SOURCE MATERIAL
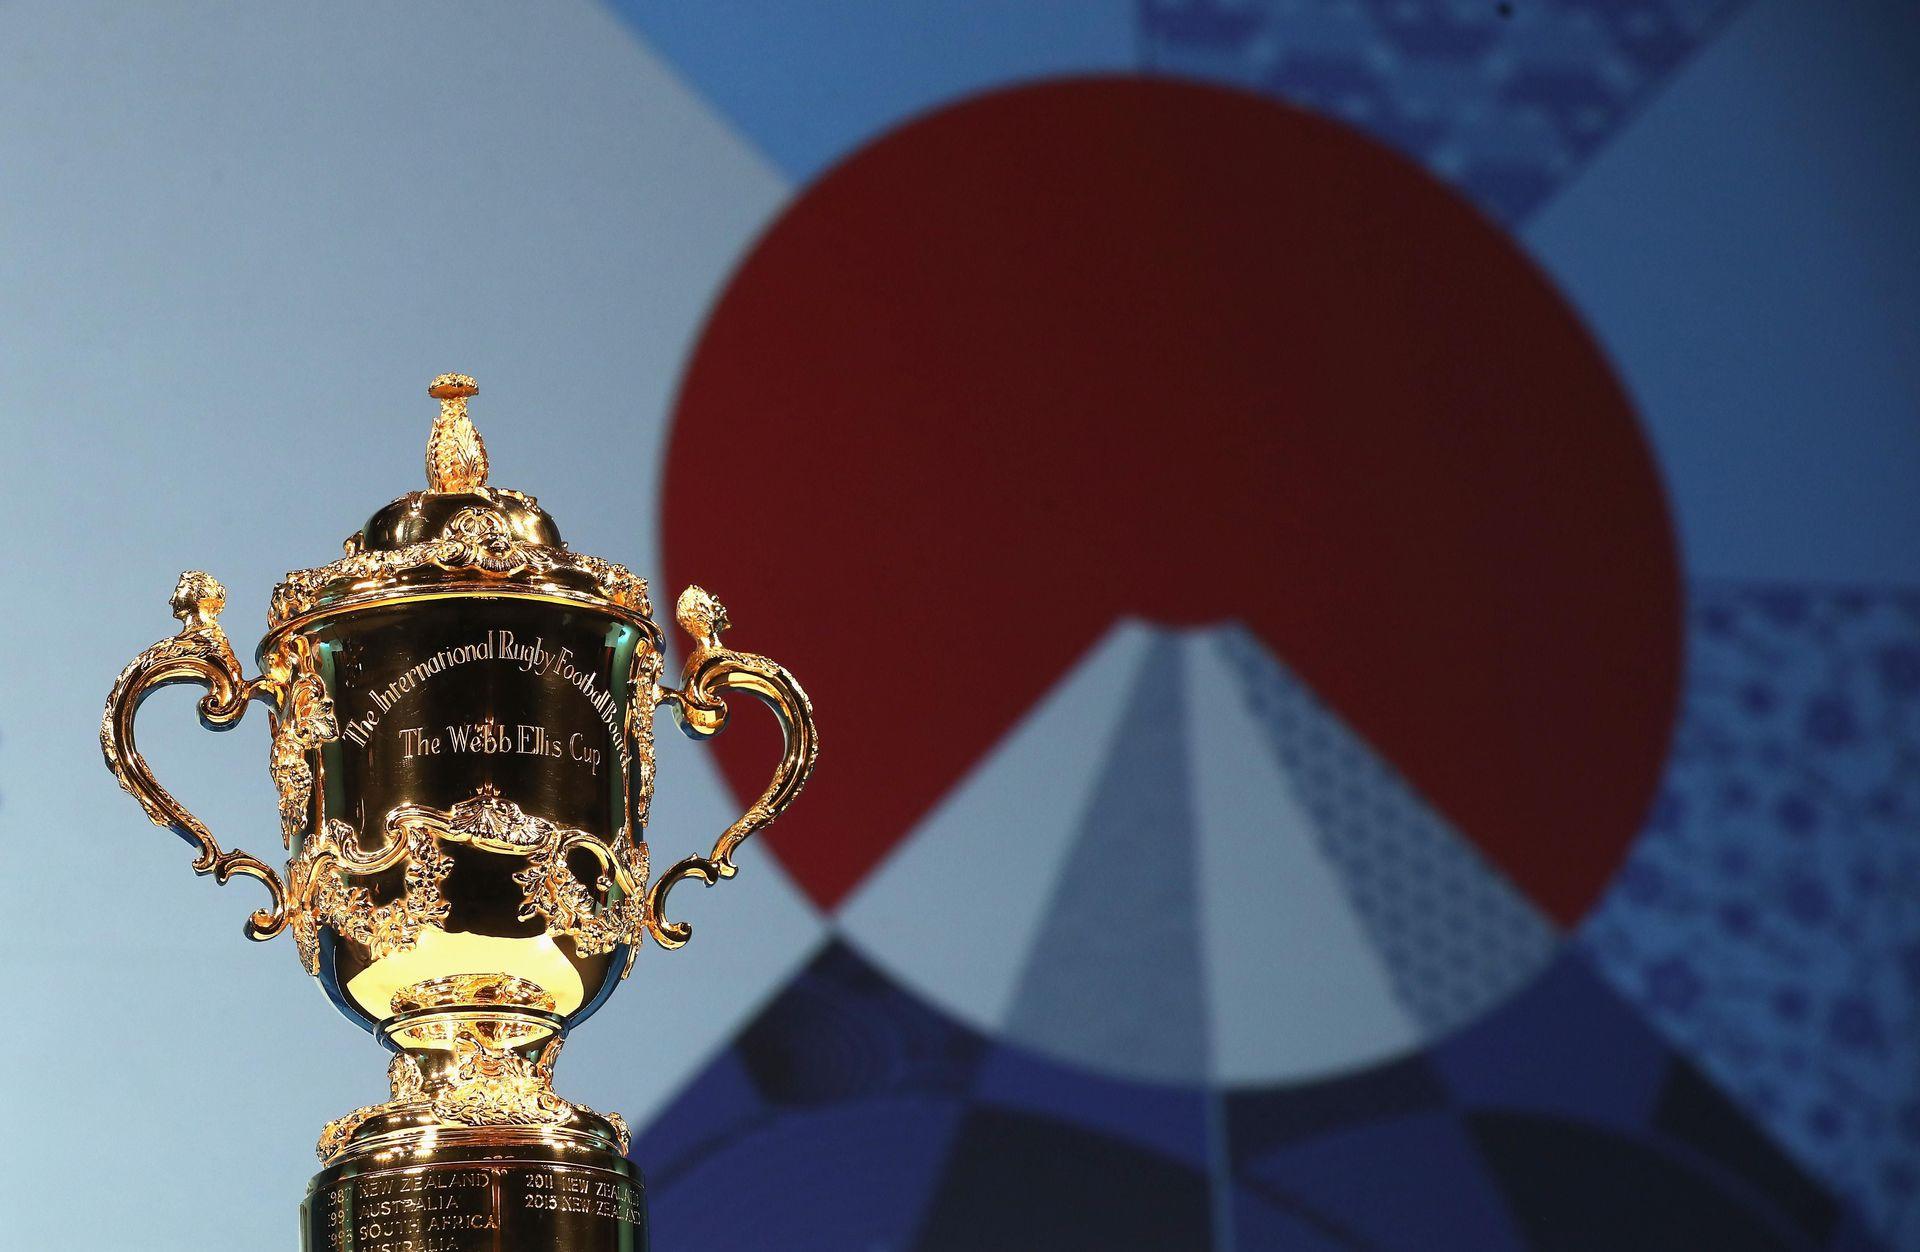 Два матча чемпионата мира отменены из-за тайфуна
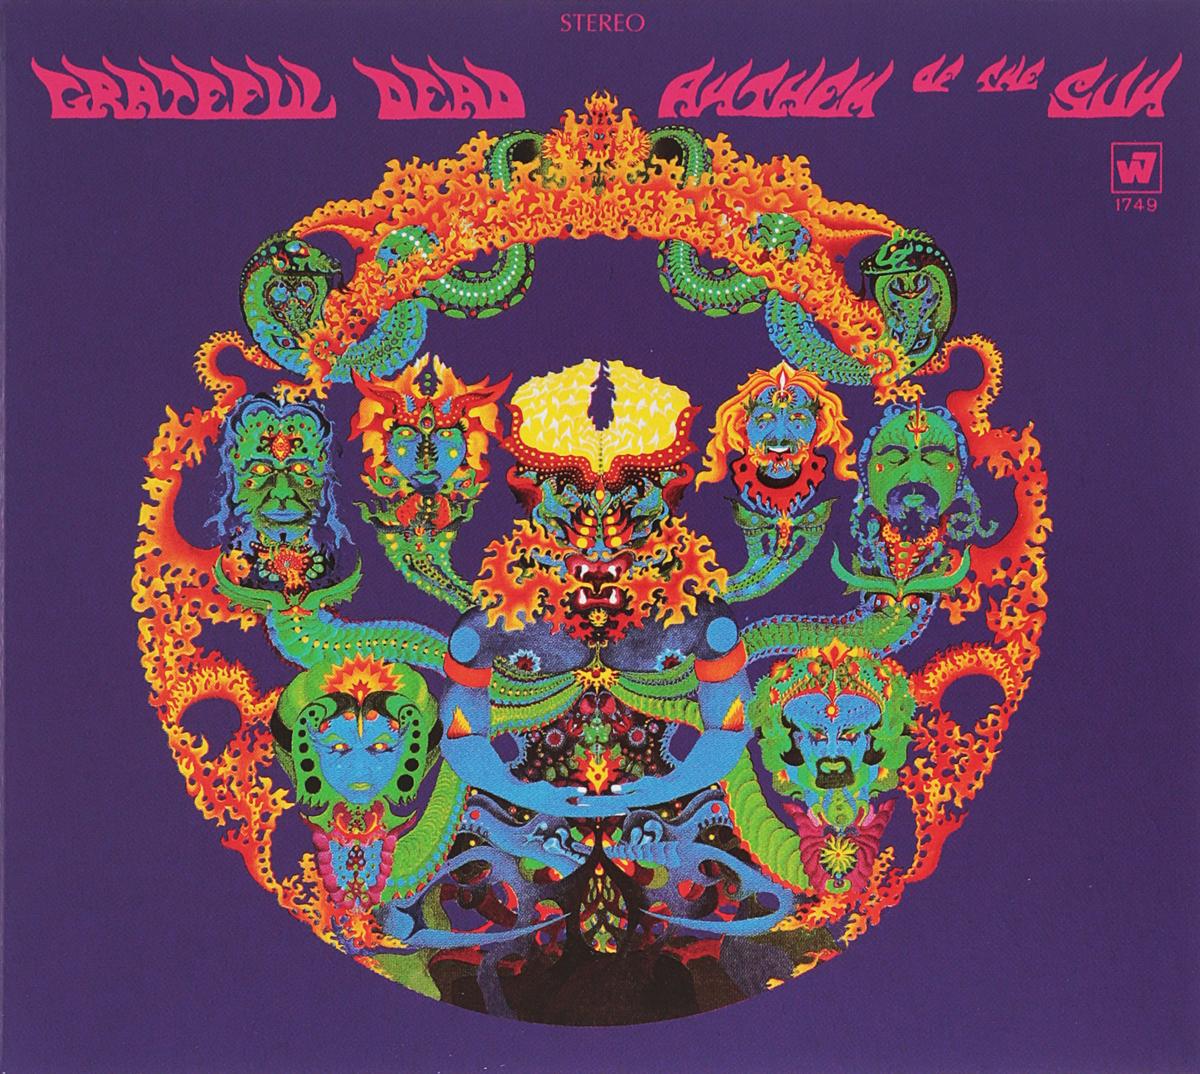 цена на The Grateful Dead Grateful Dead. Anthem Of The Sun (50th Anniversary Deluxe Edition) (2 CD)
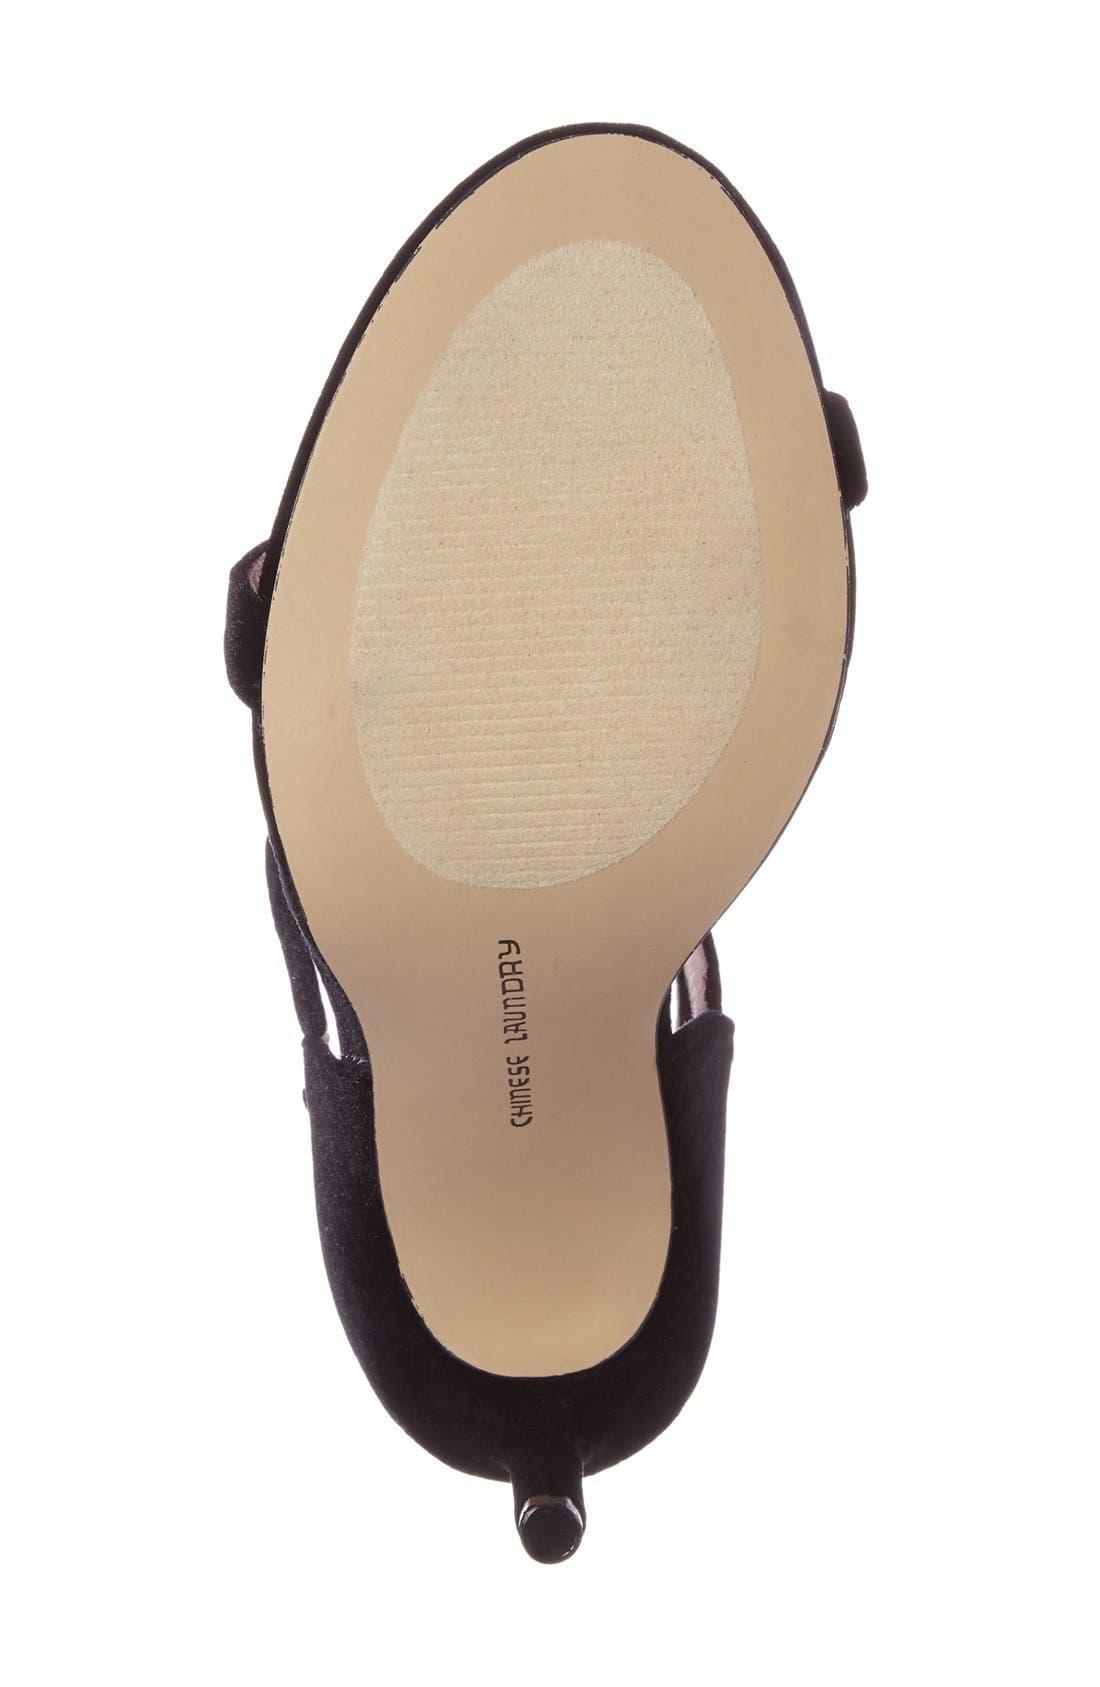 Lavelle Ankle Strap Sandal,                             Alternate thumbnail 8, color,                             001

ACTIVITY
Every line of the listing should be copied precisely, with images omitted.

RESULT OF THE TASK
 Два матча чемпионата мира отменены из-за тайфуна
 цена на The Grateful Dead Grateful Dead. Anthem Of The Sun (50th Anniversary Deluxe Edition) (2 CD)
 Lavelle Ankle Strap Sandal,                             Alternate thumbnail 8, color,                             001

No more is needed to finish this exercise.